He jerked back in his wheelchair, shock distorting his face, and Lu was suffused with a savage satisfaction.

A smile curved her lips, but she knew it wasn’t she who was smiling. It was the animal, eager to feed. Eager for blood. There was a noise in her head, a cry like a thousand roars in the wilderness, an unearthly chorus of gnashing teeth and snapping jaws and hissing. When she took another step back, it was with raised arms, her hands flexed open. A sudden crackle of static electricity sparked through the room, and all the downy hair atop the Grand Minister’s head lifted, haloing his face in a cloud of white.

His expression of shock turned to an extremely pleasing one of terror.

“Sorry,” Lu said aloud, her smile gone, “but I’m not really the cooperative type.”

FOUR

Into Darkness _3.jpg

In the split second before the unearthly detonation shattered the quiet and a blast of heated air knocked him off his feet, the hunter on the roof across the street who’d watched Lumina Bohn enter the Hospice sucked in his breath sharply, frozen by the almost sexual pleasure from the burst of power that crackled over his skin. He closed his eyes on a blissful shudder.

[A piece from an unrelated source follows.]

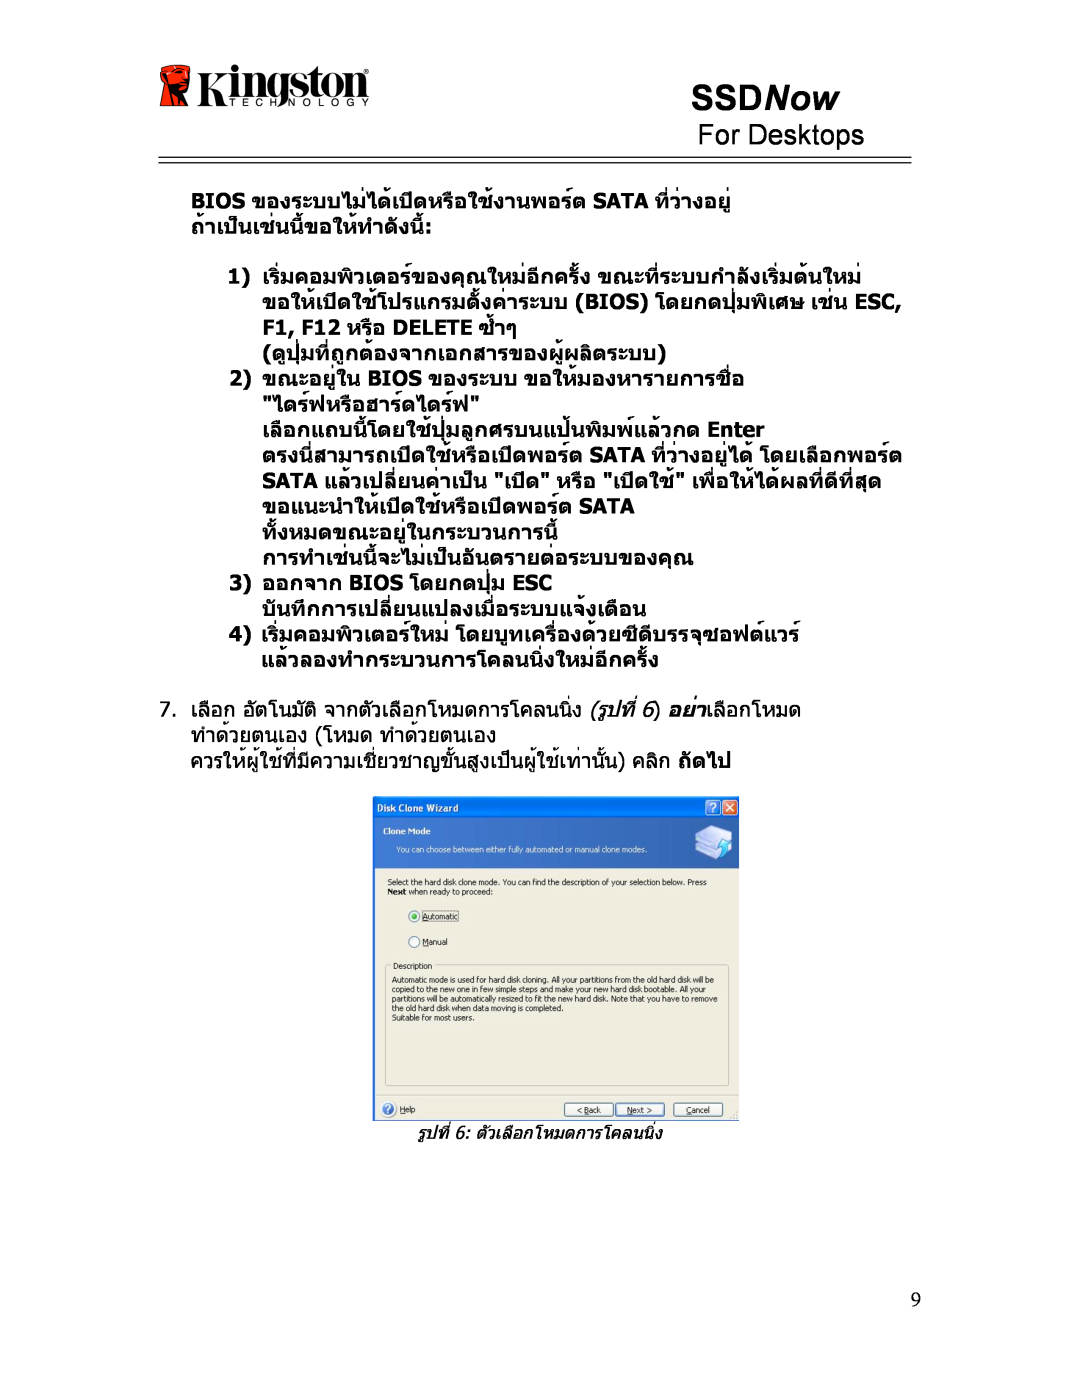 Kingston Technology 07-16-2009 manual SSDNow, For Desktops, ดูปุ่มที่ถูกต้องจากเอกสารของผู้ผลิตระบบ

Holy mother of God. She’s even stronger than—

An orange fireball erupted from the Hospice. It blew out all the windows and destroyed the roof in a fantastic, deafening display that glowed hellish bright against the dark night sky. The shockwave sent him tumbling back, but he quickly recovered, leaping to his feet in a lightning-fast move and steadying himself with a hand gripped around a satellite antennae.

Though this could only be an unmitigated disaster, he felt for a moment the insane urge to laugh. She was so strong. Her power, in spite of its terrible fury, was so refined.

The urge to laugh quickly fled as people began pouring from the building, screaming.

Some of them were on fire.

He ran with long, even strides across the peak of the roof, never losing his balance, his gaze narrowed on the rain gutter at the opposite end. It had detached, a long length drooping down toward the shorter building adjacent. He leapt on it without hesitation, using his weight and speed to propel him far enough over the alley below that he could drop to the roof of the lower building just as the metal gutter gave way with a groan and buckled. He let go, landed in a crouch, and was up and running again before the ruined length of gutter had even hit the ground.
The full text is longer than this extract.